Browsing by Author "Hakkarainen, Stanislav"

Now showing 1 - 1 of 1

Automatic Idiomatic Expression Detection. Comparison Between GPT-4 and Gemini Pro Prompt Engineering & LSTM-RNN Construction
(2024-06-18) Hakkarainen, Stanislav; Engelbrecht, Katharina; University of Gothenburg / Department of Philosophy,Lingustics and Theory of Science; Göteborgs universitet / Institutionen för filosofi, lingvistik och vetenskapsteori
This thesis explores the concept of detecting non-literal phrases using Large Language Models (LLM) such as GPT-4 and Gemini Pro, as well as Recurrent Neural Networks (RNN), LSTM and BiLSTM models in particular. Through a series of individual experiments and cross-validations, it was discovered that both LLMs demonstrated satisfactory capabilities in identifying idiomatic expressions with degrees of variance across sentences. Additionally, it was observed that Gemini Pro slightly outperformed GPT-4 in the separate validation based on precision and recall. Gemini Pro scores highest for testing on 95% of precision and 81% of recall.

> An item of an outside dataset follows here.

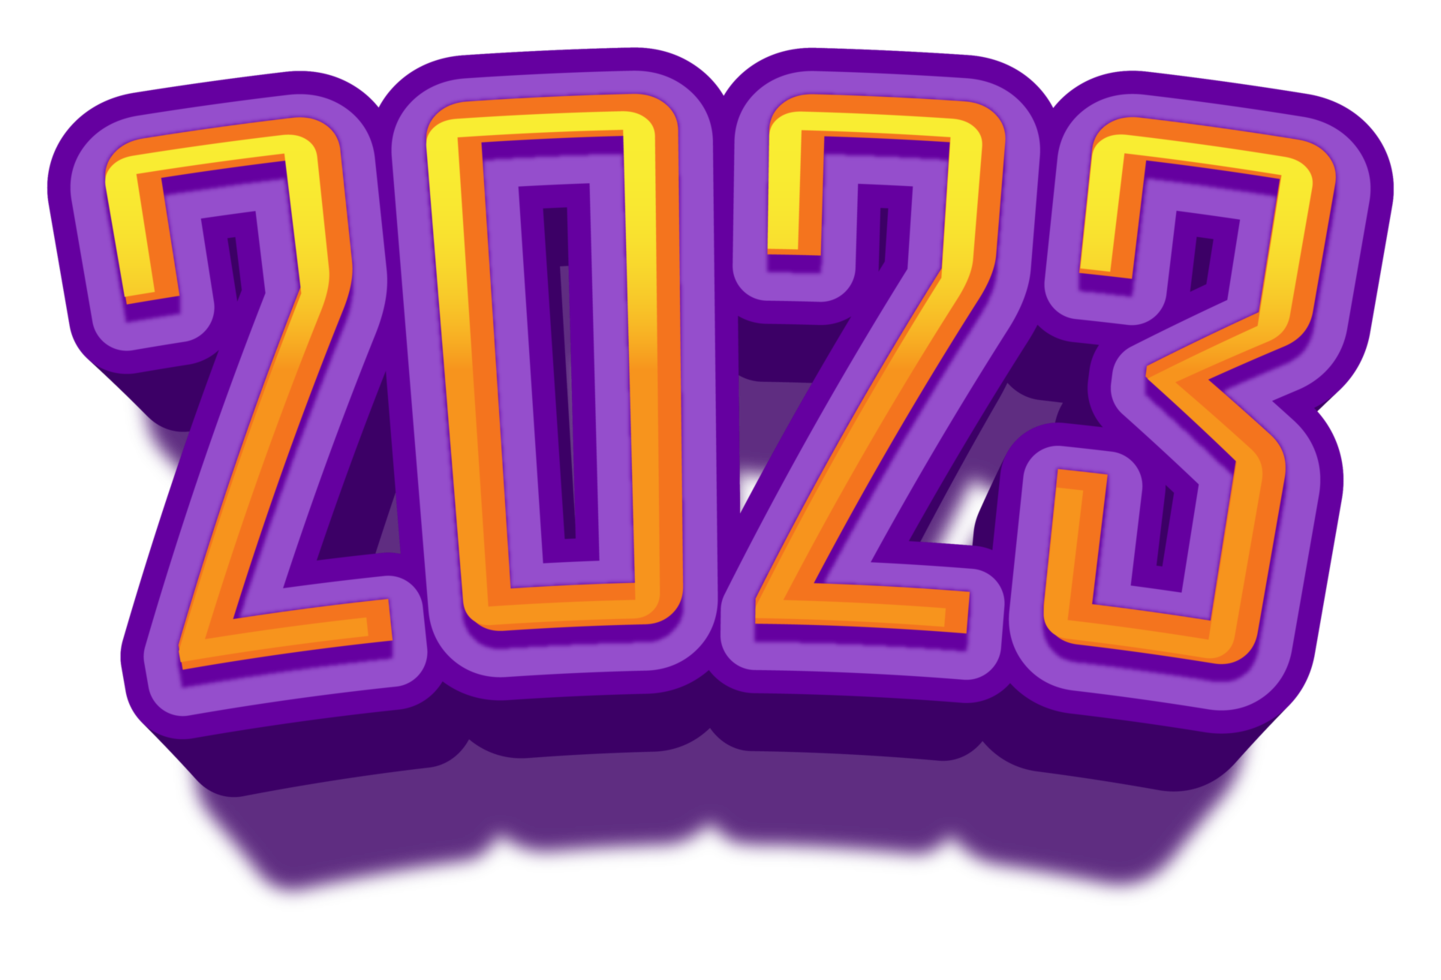 2023 Frohes neues Jahr Gold lila Text glitzert glänzend png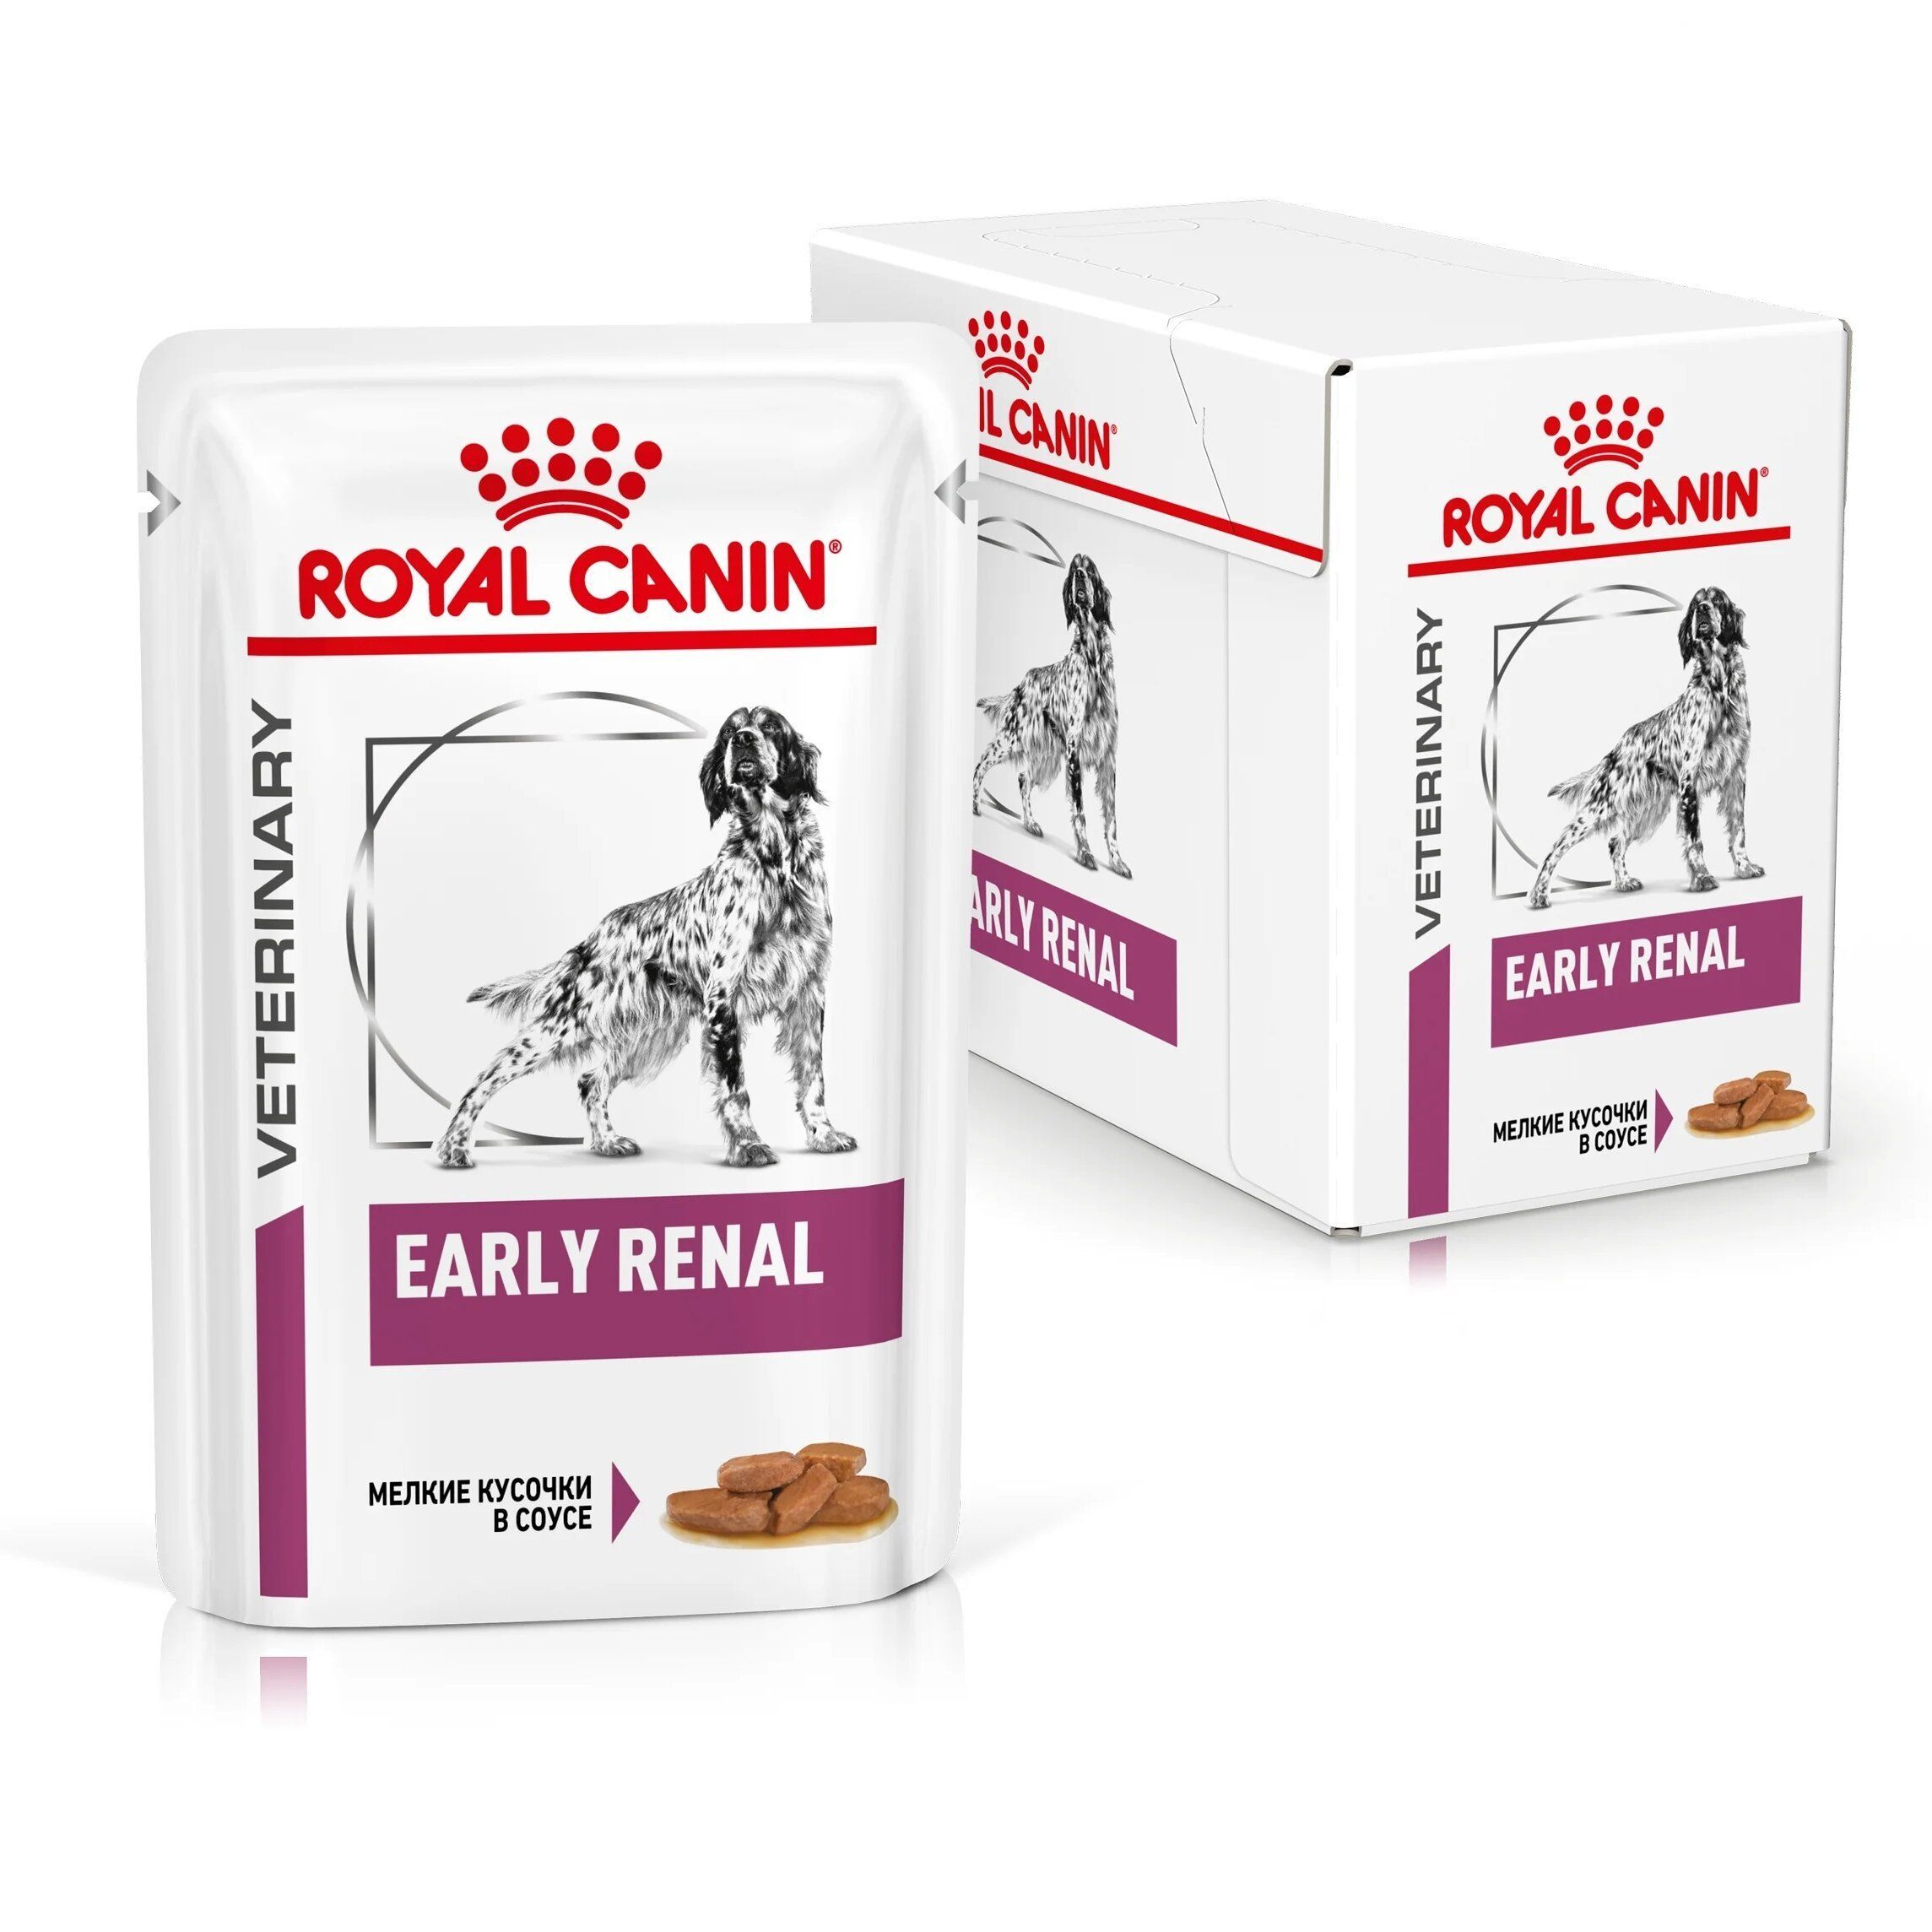 Royal canin кусочки в соусе. Роял Канин Ренал Эрли. Сухой корм для собак Royal Canin early renal для кошек. Роял Канин Neutered для собак. Роял Канин early renal для собак.

GPT-4 scores highest for precision at 87% and for recall at 88%. During cross-validation, however, GPT-4 improved whereas Gemini Pro’s precision became worse. GPT-4 scored 88% for precision and 90% for recall, whereas Gemini Pro became worse for precision, scoring 83%, however improved for recall scoring 95%. In terms of RNN, the BiLSTM-RNN outperforms the LSTM-RNN in the idiomatic detection task by a significant margin by scoring 95% in precision and 90% in recall compared to its counterpart achieving 79% in precision and 25% in recall, proving that a bidirectional approach is better suitable for working with sequential data such as idiomatic expressions. To summarize, it has been shown that specialized model architectures such as LSTM modules are preferable when working in the domain of idiomatic expression detection to general-purpose LLMs.